Title: Interpretable Concept Bottlenecks to Align Reinforcement Learning Agents. (arXiv:2401.05821v1 [cs.LG])

Paper URL: http://arxiv.org/abs/2401.05821
Code URL: null
Copy Paste: [[2401.05821]] Interpretable Concept Bottlenecks to Align Reinforcement Learning Agents(http://arxiv.org/abs/2401.05821)
Summary:
Reward sparsity, difficult credit assignment, and misalignment are only a few of the many issues that make it difficult, if not impossible, for deep reinforcement learning (RL) agents to learn optimal policies.

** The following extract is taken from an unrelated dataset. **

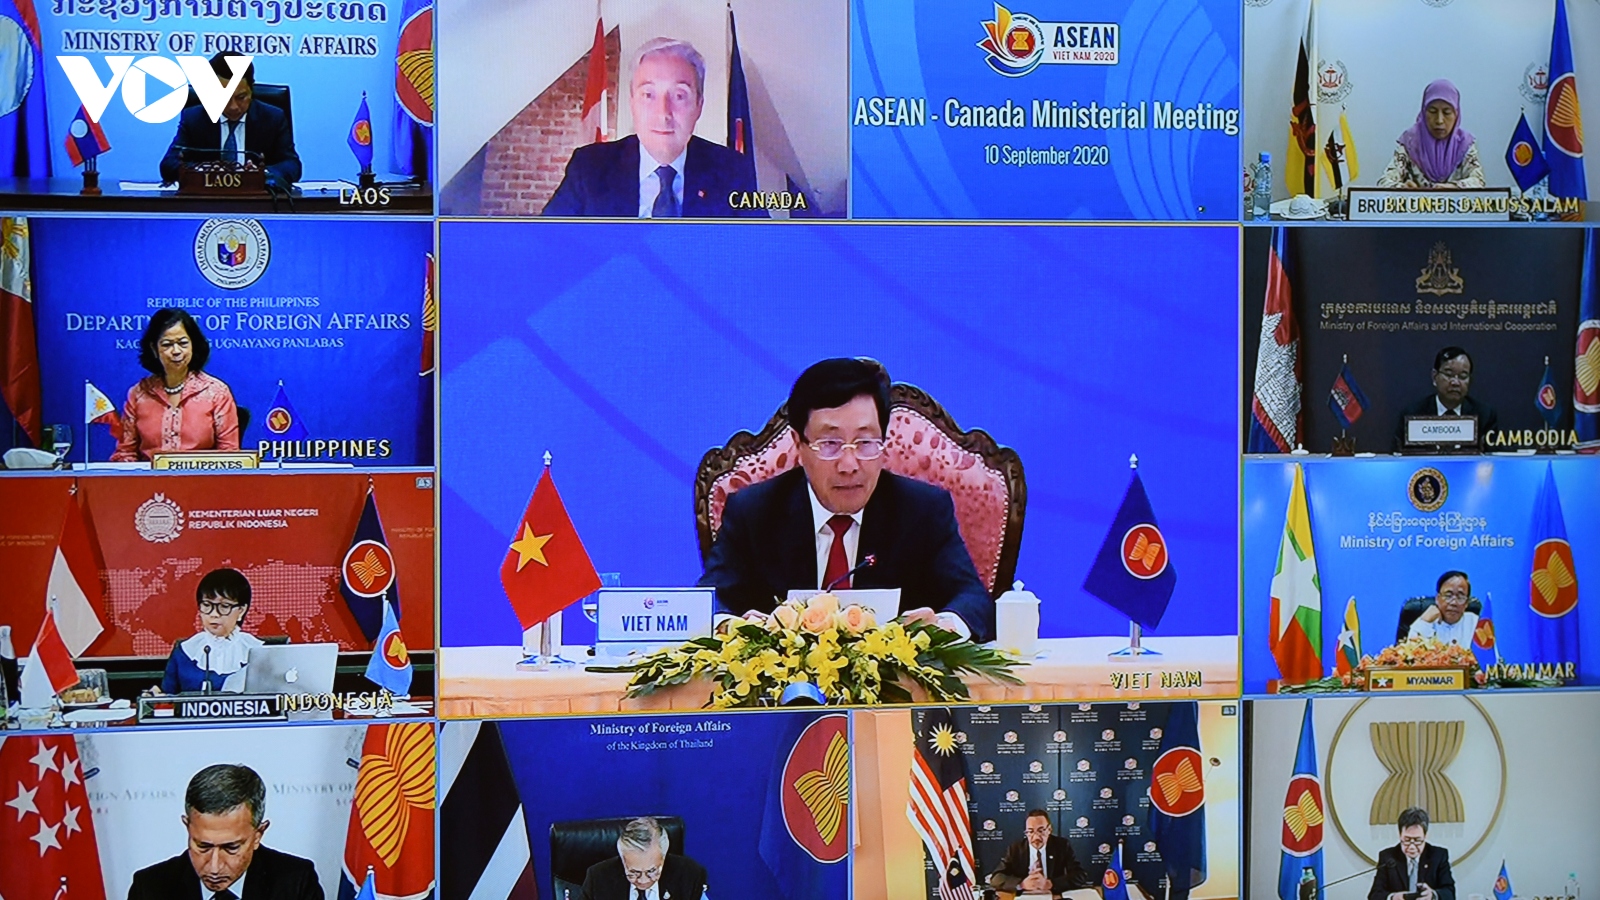 Khâu tổ chức các hội nghị trực tuyến ASEAN của Việt Nam được đánh giá cao

Unfortunately, the black-box nature of deep networks impedes the inclusion of domain experts who could interpret the model and correct wrong behavior. To this end, we introduce Successive Concept Bottlenecks Agents (SCoBots), which make the whole decision pipeline transparent via the integration of consecutive concept bottleneck layers. SCoBots make use of not only relevant object properties but also of relational concepts. Our experimental results provide strong evidence that SCoBots allow domain experts to efficiently understand and regularize their behavior, resulting in potentially better human-aligned RL. In this way, SCoBots enabled us to identify a misalignment problem in the most simple and iconic video game, Pong, and resolve it.
摘要：
奖励稀疏、信用分配困难和错位只是导致深度强化学习 (RL) 智能体学习最优策略变得困难甚至不可能的众多问题中的几个。不幸的是，深度网络的黑盒性质阻碍了领域专家的参与，他们可以解释模型并纠正错误行为。为此，我们引入了连续概念瓶颈代理（SCoBots），它通过集成连续概念瓶颈层使整个决策管道透明。 SCoBot 不仅利用相关的对象属性，还利用关系概念。我们的实验结果提供了强有力的证据，证明 SCoBot 可以让领域专家有效地理解并规范他们的行为，从而可能产生更好的人性化强化学习。通过这种方式，SCoBots 使我们能够识别最简单和标志性的视频游戏 Pong 中的错位问题，并解决它。